*** Data section ***
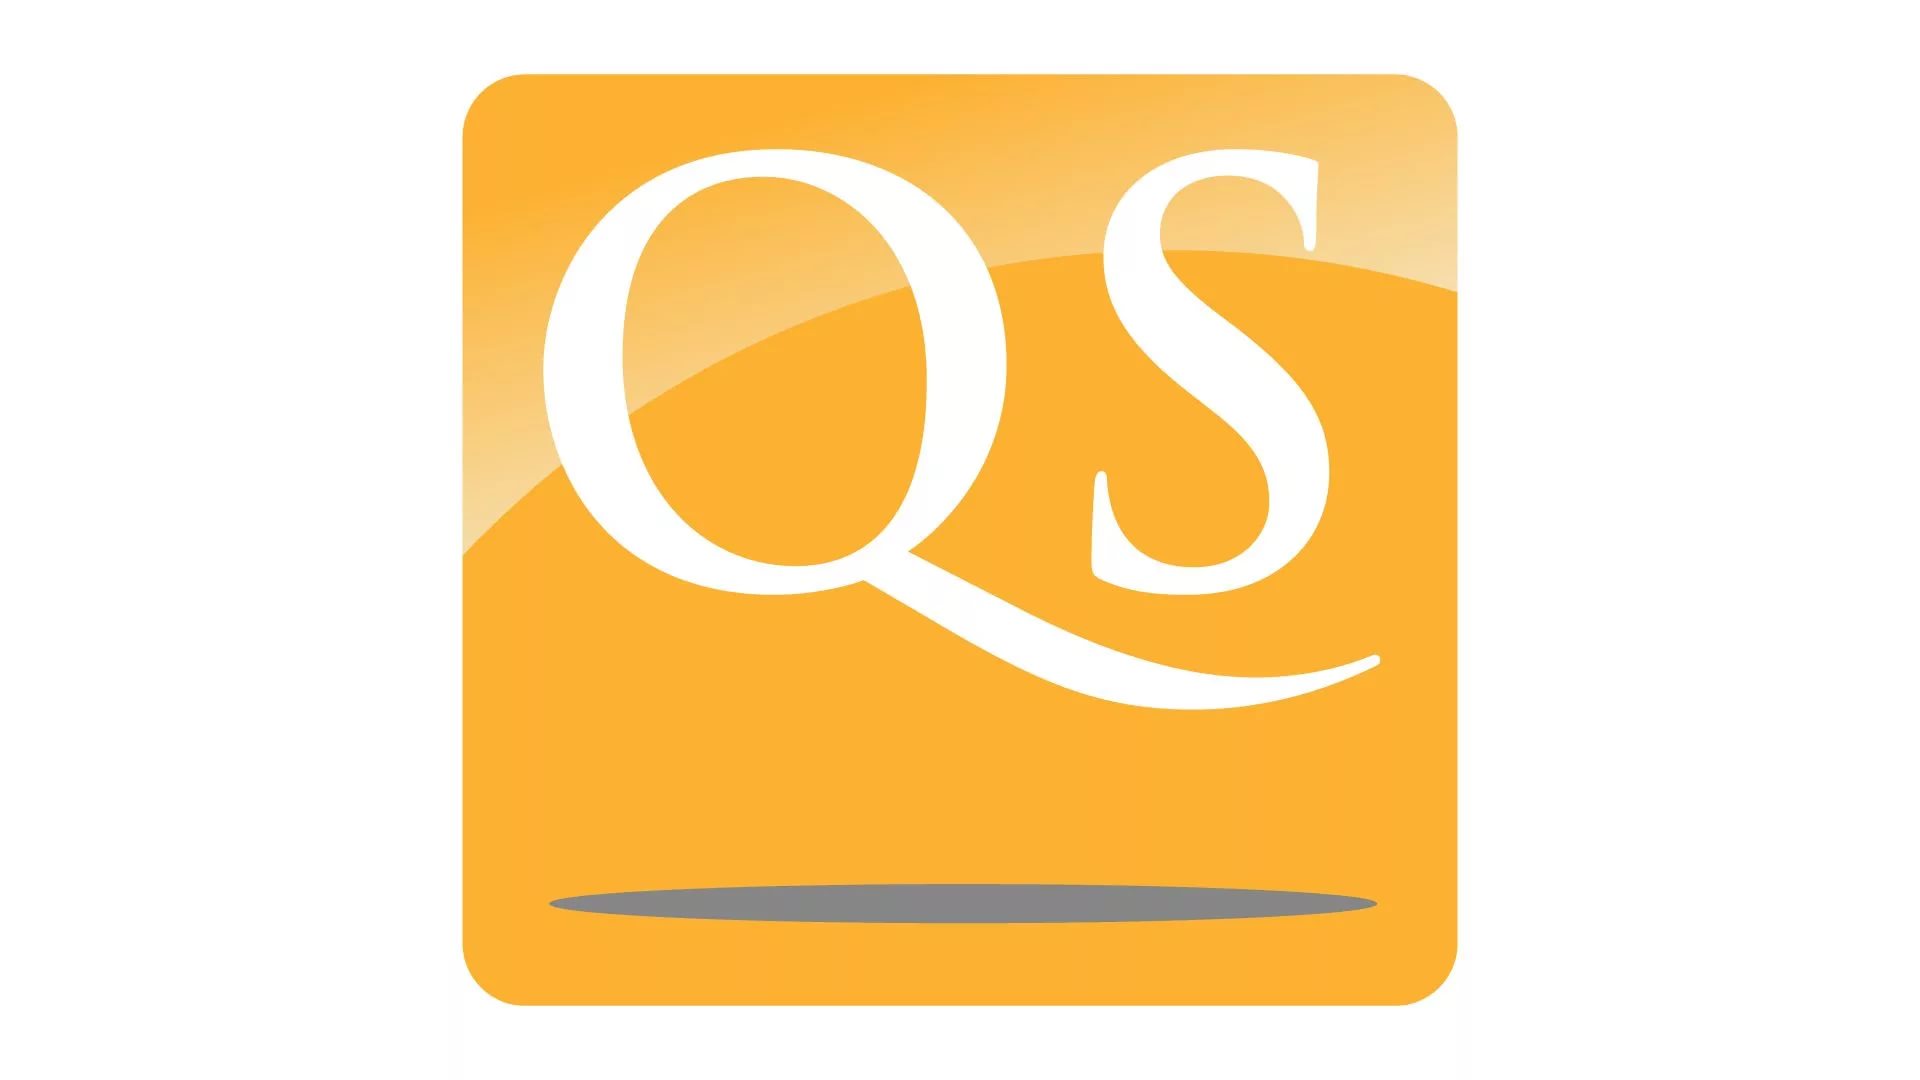 Qs world ranking. QS логотип. QS World University rankings. QS World University rankings logo. Рейтинг QS.
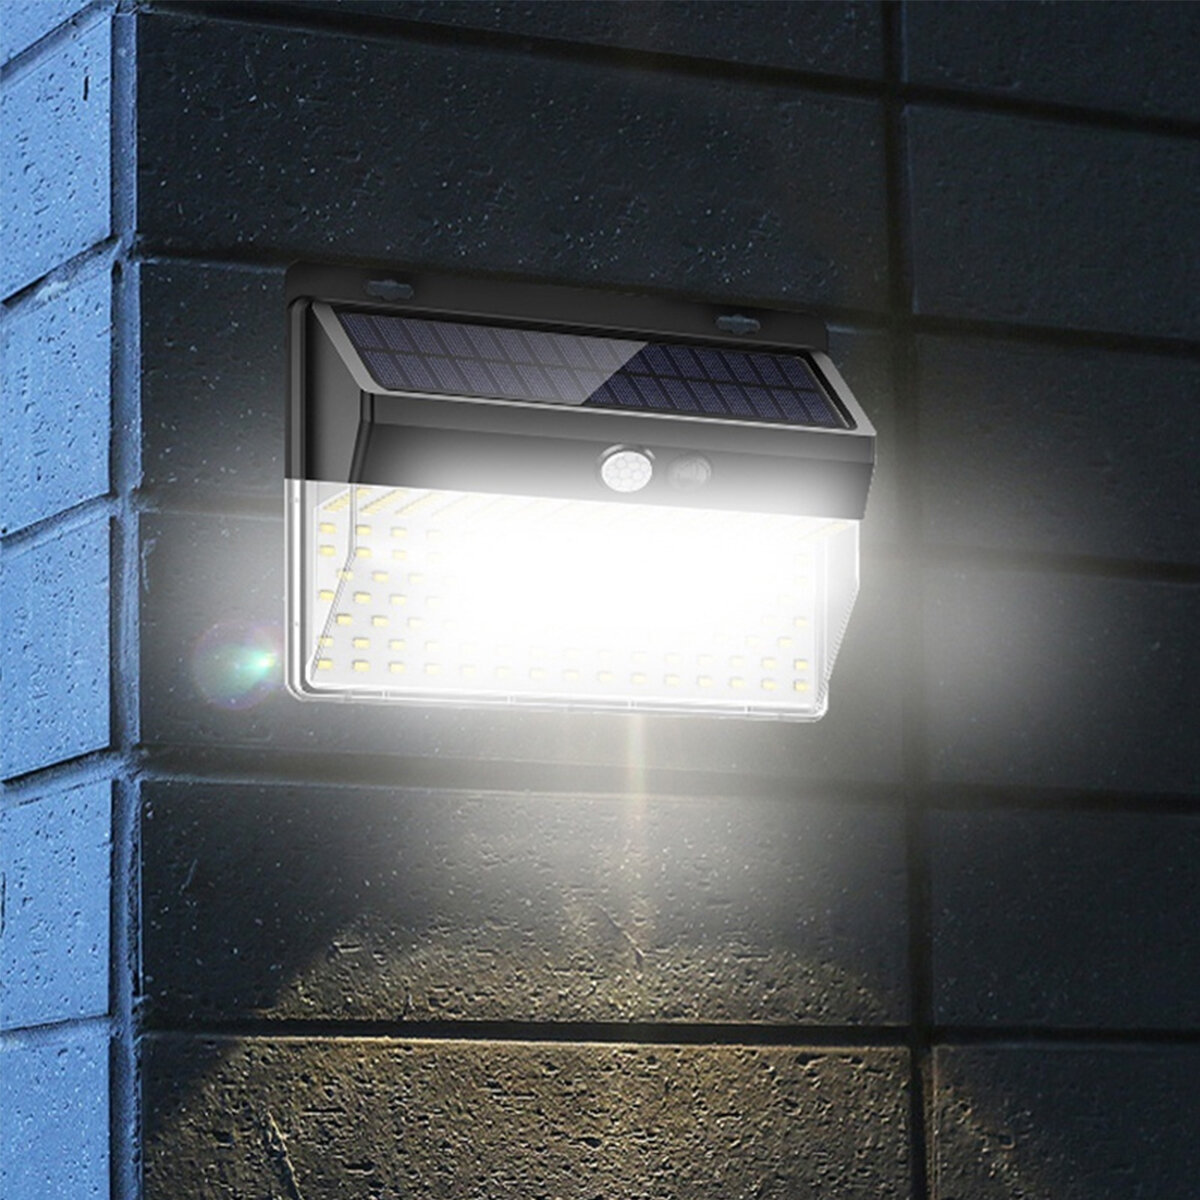 206 LED Solar Power PIR Motion Sensor Light Outdoor Garden Security Flood Lamp
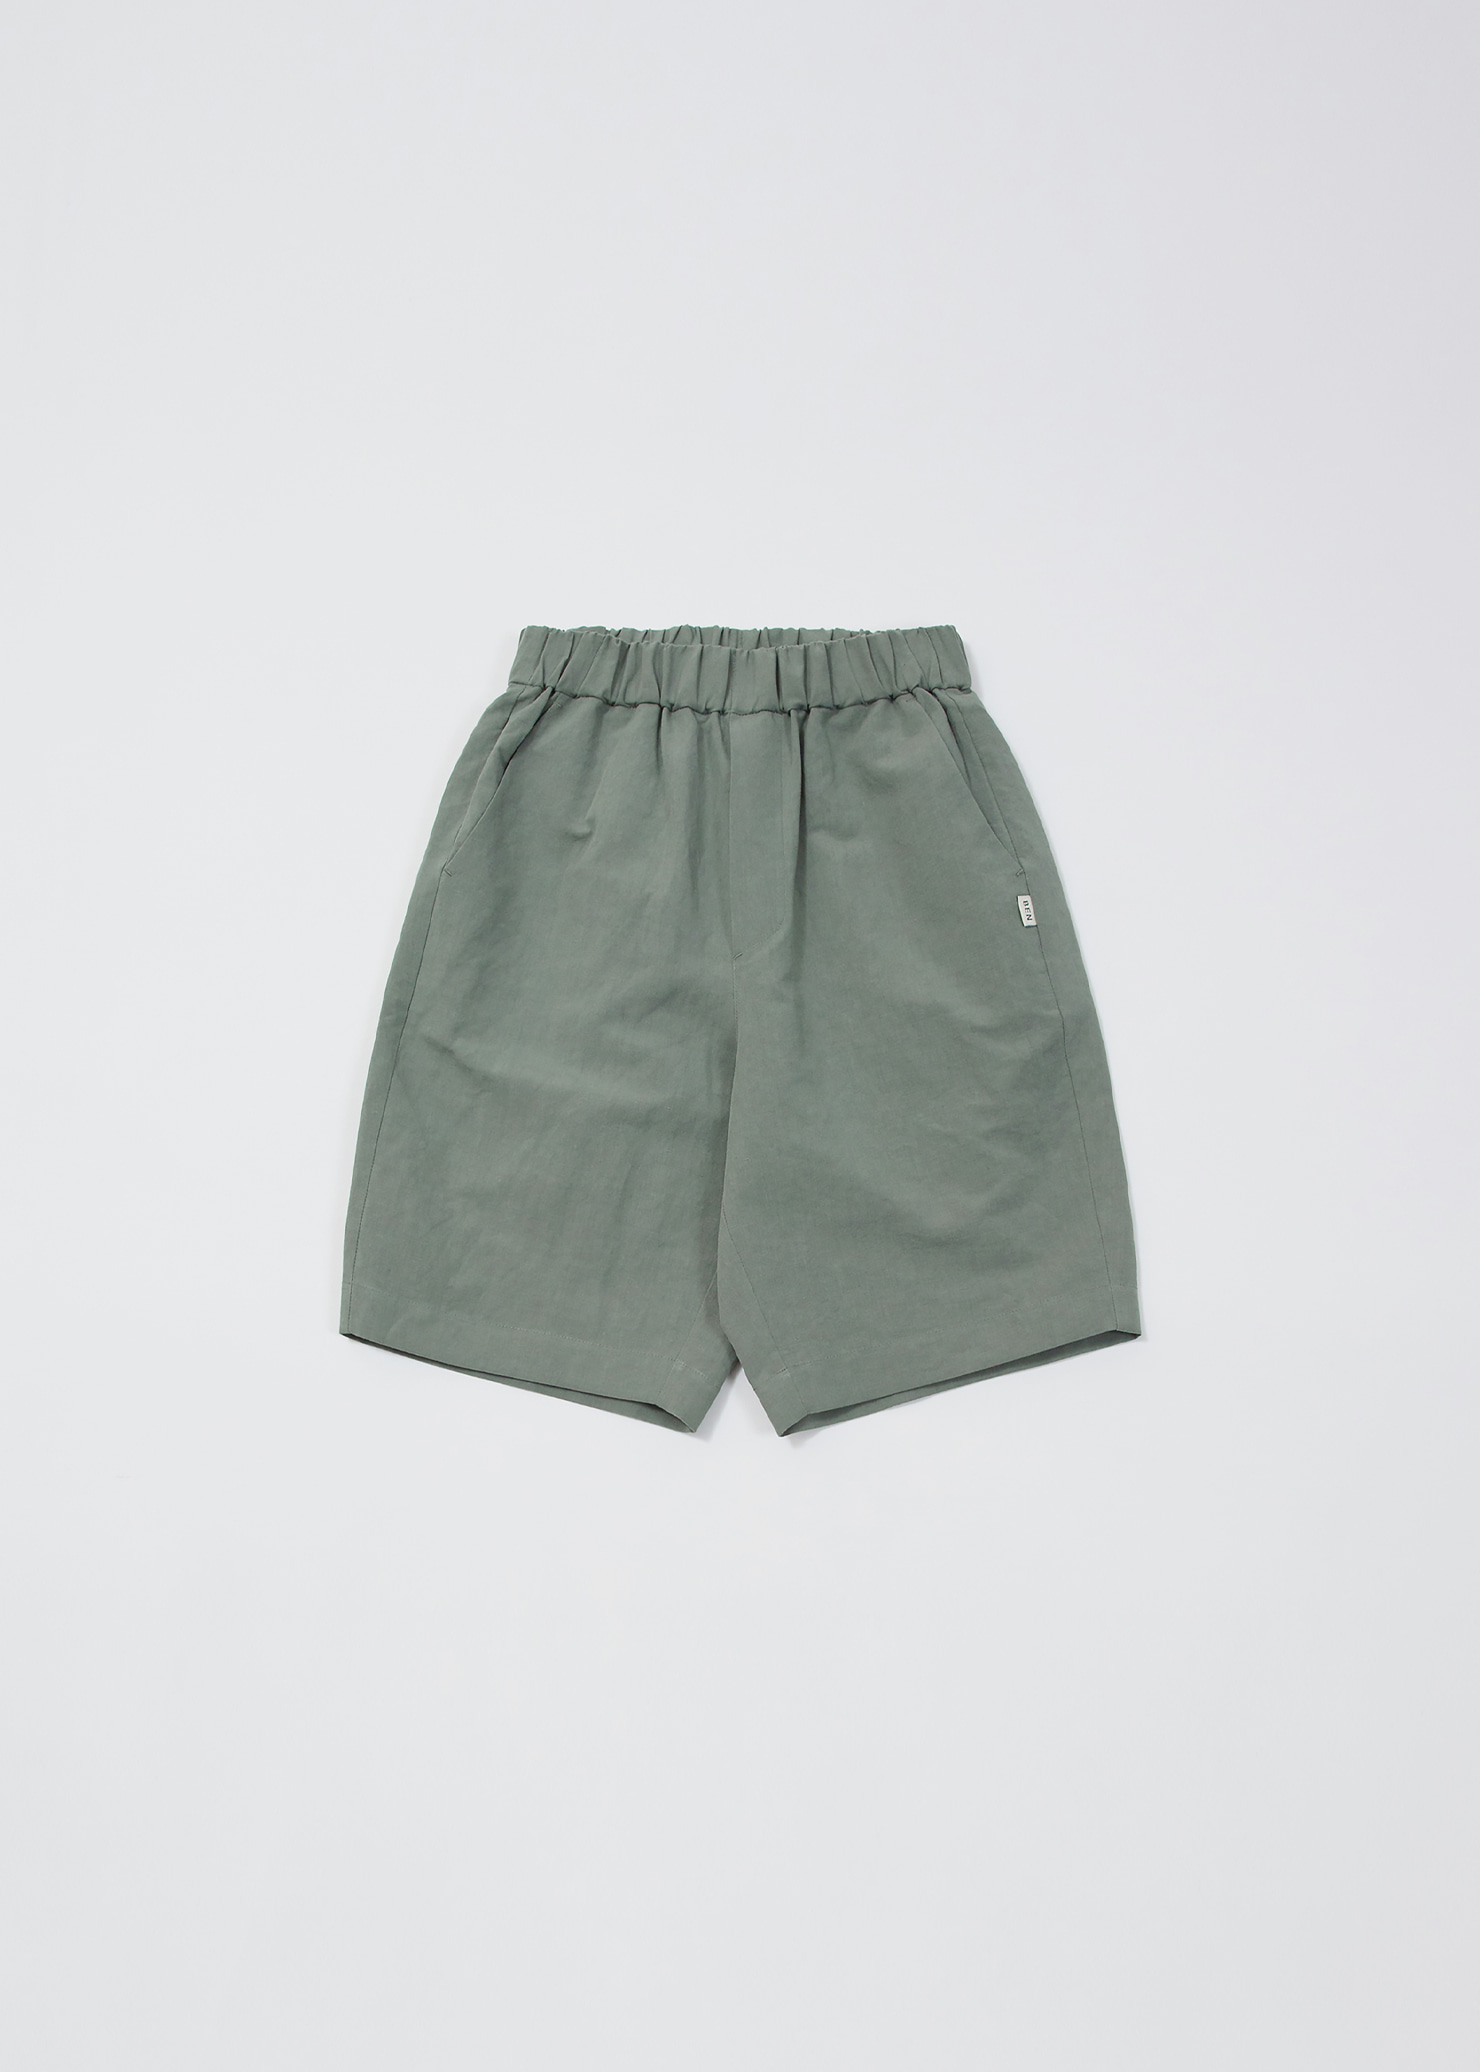 02 Linen Half Pants _ Grayish Green
*** End of Data section ***
▶ [Problem] With the pictures omitted, give every line above again exactly.

▶ [Response for this exercise]
 Qs world ranking. QS логотип. QS World University rankings. QS World University rankings logo. Рейтинг QS.
 206 LED Solar Power PIR Motion Sensor Light Outdoor Garden Security Flood Lamp
 02 Linen Half Pants _ Grayish Green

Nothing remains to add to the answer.